As mentioned by others here, it is not a good idea to store a large list of results in memory. Query for results for each page is certainly a much better approach. To do that you have two options. One is to use whatever the database specific features your DBMS provides for targeting a specific subsection of results from a query. The other approach is to use the generic methods provided by JDBC to achieve the same effect. This keeps your code from being tied to a specific database:
// get a ResultSet from some query
ResultSet results = ...
if (count > 0) {
results.setFetchSize(count + 1);
results.setFetchDirection(ResultSet.FETCH_FORWARD);
results.absolute(count * beginIndex);
}
for (int rowNumber = 0; results.next(); ++rowNumber) {
if (count > 0 && rowNumber > count) {
break;
}
// process the ResultSet below
...
}
Using a library like Spring JDBC or Hibernate can make this even easier.
In many SQL language, you have a notion of LIMIT (mysql, ...) or OFFSET (mssql).
You can use this kind of thing to limit rows per page
Depends on the data. 100k int's might not be too bad if you are caching that.
T-SQL has SET ##ROWCOUNT = 100 to limit the amount of records returned.
But to do it right and return the total # of pages, you need a more advanced paging SPROC.
It's a pretty hotly dedated topic and there are many ways to do it.
Here's a sample of an old sproc I wrote
CREATE PROCEDURE Objects_GetPaged
(
#sort VARCHAR(255),
#Page INT,
#RecsPerPage INT,
#Total INT OUTPUT
)
AS
SET NOCOUNT ON
--Create a temporary table
CREATE TABLE #TempItems
(
id INT IDENTITY,
memberid int
)
INSERT INTO #TempItems (memberid)
SELECT Objects.id
FROM Objects
ORDER BY CASE #sort WHEN 'Alphabetical' THEN Objects.UserName ELSE NULL END ASC,
CASE #sort WHEN 'Created' THEN Objects.Created ELSE NULL END DESC,
CASE #sort WHEN 'LastLogin' THEN Objects.LastLogin ELSE NULL END DESC
SELECT #Total=COUNT(*) FROM #TempItems
-- Find out the first and last record we want
DECLARE #FirstRec int, #LastRec int
SELECT #FirstRec = (#Page - 1) * #RecsPerPage
SELECT #LastRec = (#Page * #RecsPerPage + 1)
SELECT *
FROM #TempItems
INNER JOIN Objects ON(Objects.id = #TempItems.id)
WHERE #TempItems.ID > #FirstRec AND #TempItems.ID < #LastRec
ORDER BY #TempItems.Id
I would recommend that you choose using CachedRowSet .
A CachedRowSet object is a container for rows of data that caches its rows in memory, which makes it possible to operate without always being connected to its data source.
A CachedRowSet object is a disconnected rowset, which means that it makes use of a connection to its data source only briefly.
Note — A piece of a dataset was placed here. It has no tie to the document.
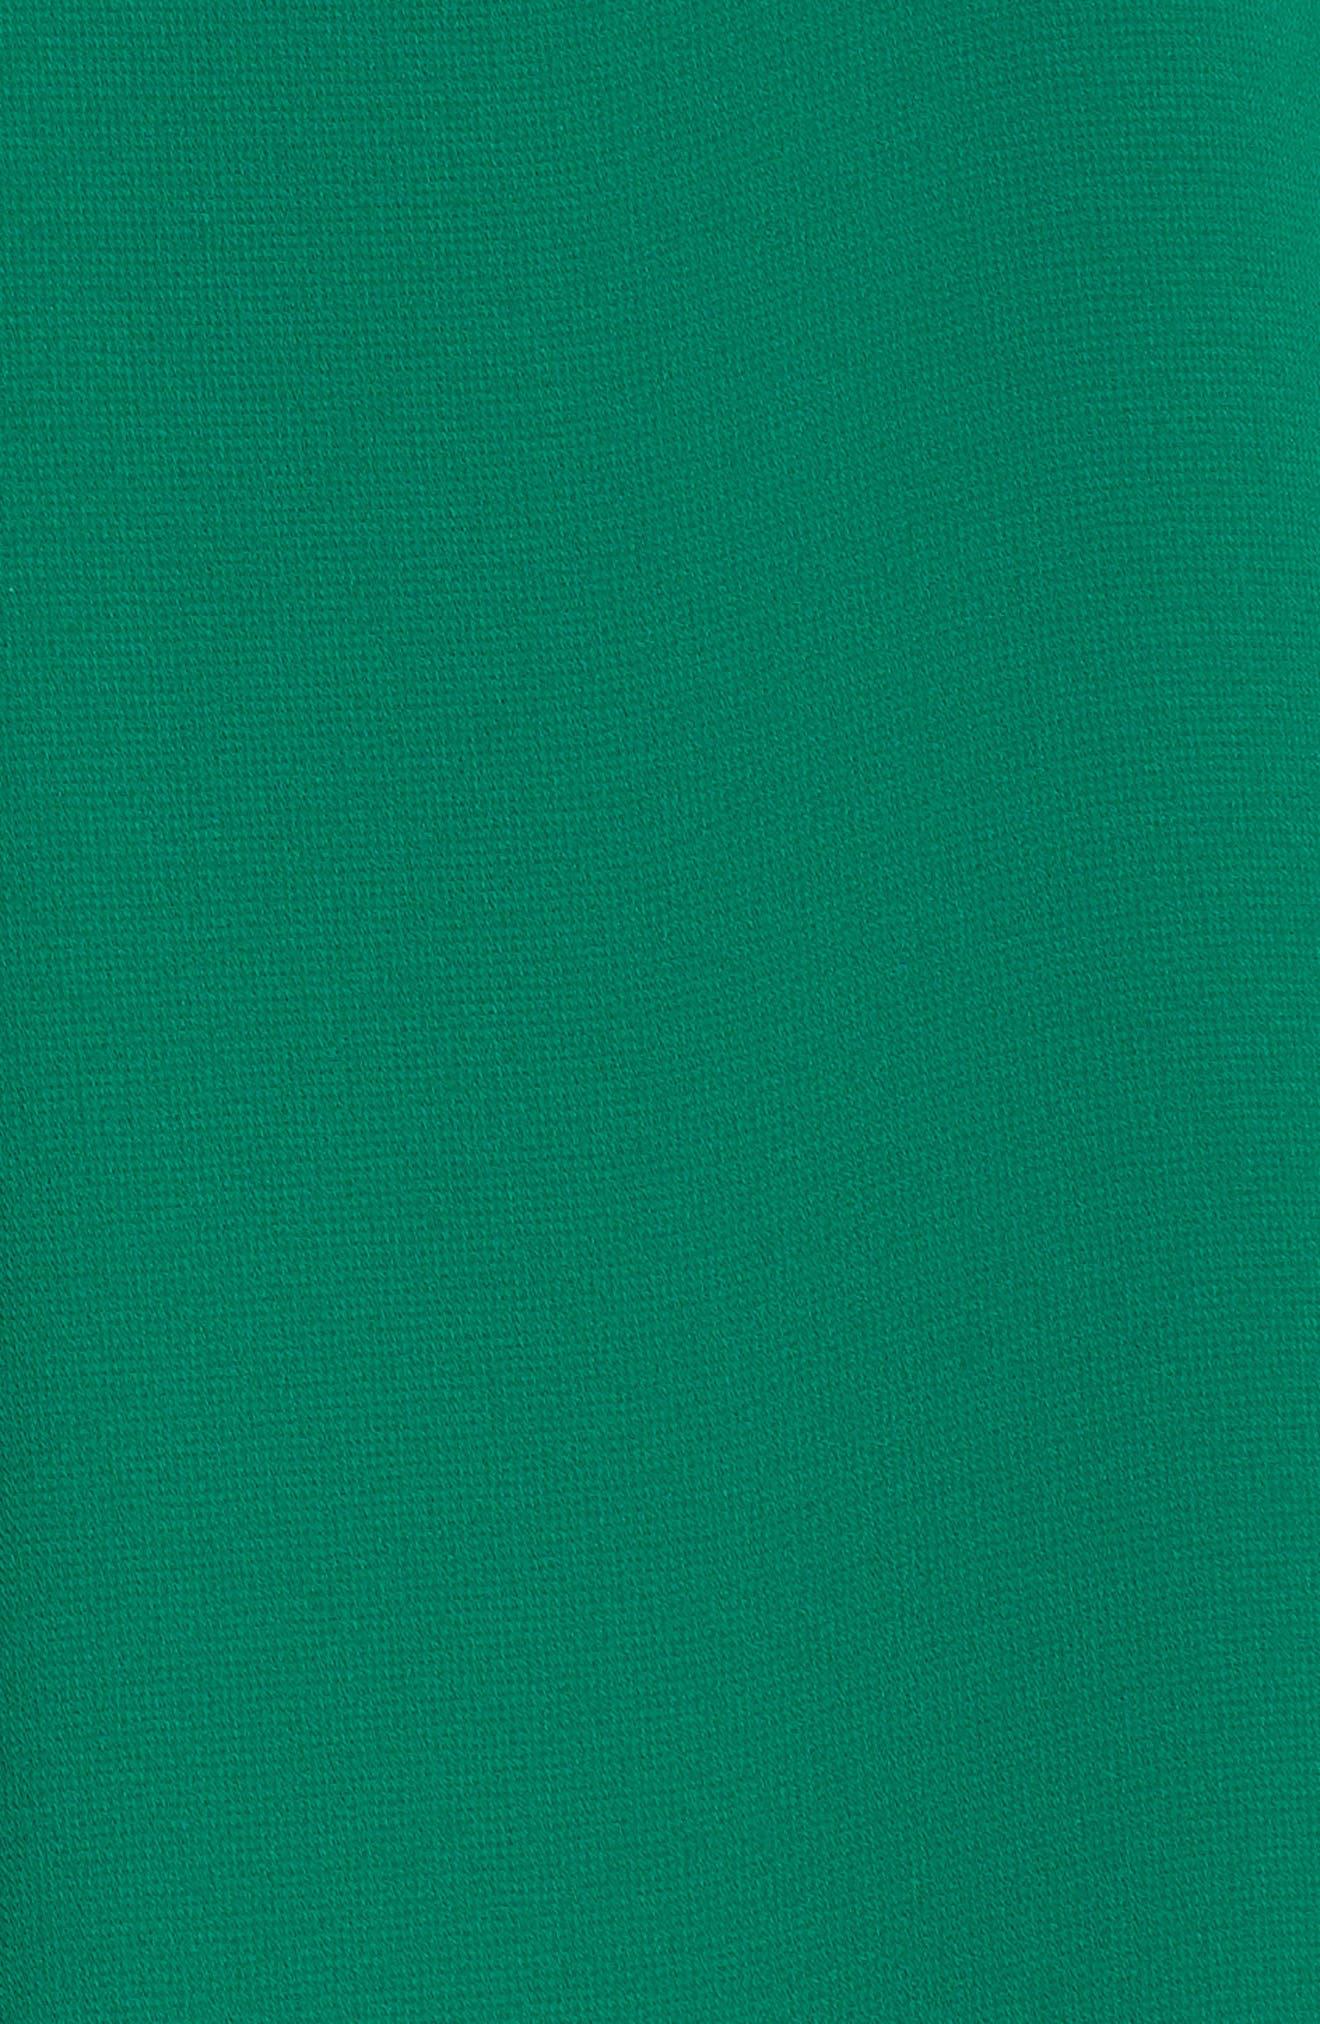 Soufflé V-Neck Chiffon Dress,                             Alternate thumbnail 6, color,                             310

It connects to its data source while it is reading data to populate itself with rows and again while it is propagating changes back to its underlying data source.
Because a CachedRowSet object stores data in memory, the amount of data that it can contain at any one time is determined by the amount of memory available. To get around this limitation, a CachedRowSet object can retrieve data from a ResultSet object in chunks of data, called pages. To take advantage of this mechanism, an application sets the number of rows to be included in a page using the method setPageSize. In other words, if the page size is set to five, a chunk of five rows of data will be fetched from the data source at one time. An application can also optionally set the maximum number of rows that may be fetched at one time. If the maximum number of rows is set to zero, or no maximum number of rows is set, there is no limit to the number of rows that may be fetched at a time.
After properties have been set, the CachedRowSet object must be populated with data using either the method populate or the method execute. The following lines of code demonstrate using the method populate. Note that this version of the method takes two parameters, a ResultSet handle and the row in the ResultSet object from which to start retrieving rows.
CachedRowSet crs = new CachedRowSetImpl();
crs.setMaxRows(20);
crs.setPageSize(4);
crs.populate(rsHandle, 10);
When this code runs, crs will be populated with four rows from rsHandle starting with the tenth row.
On the similar path, you could build upon a strategy to paginate your data on the JSP and so on and so forth.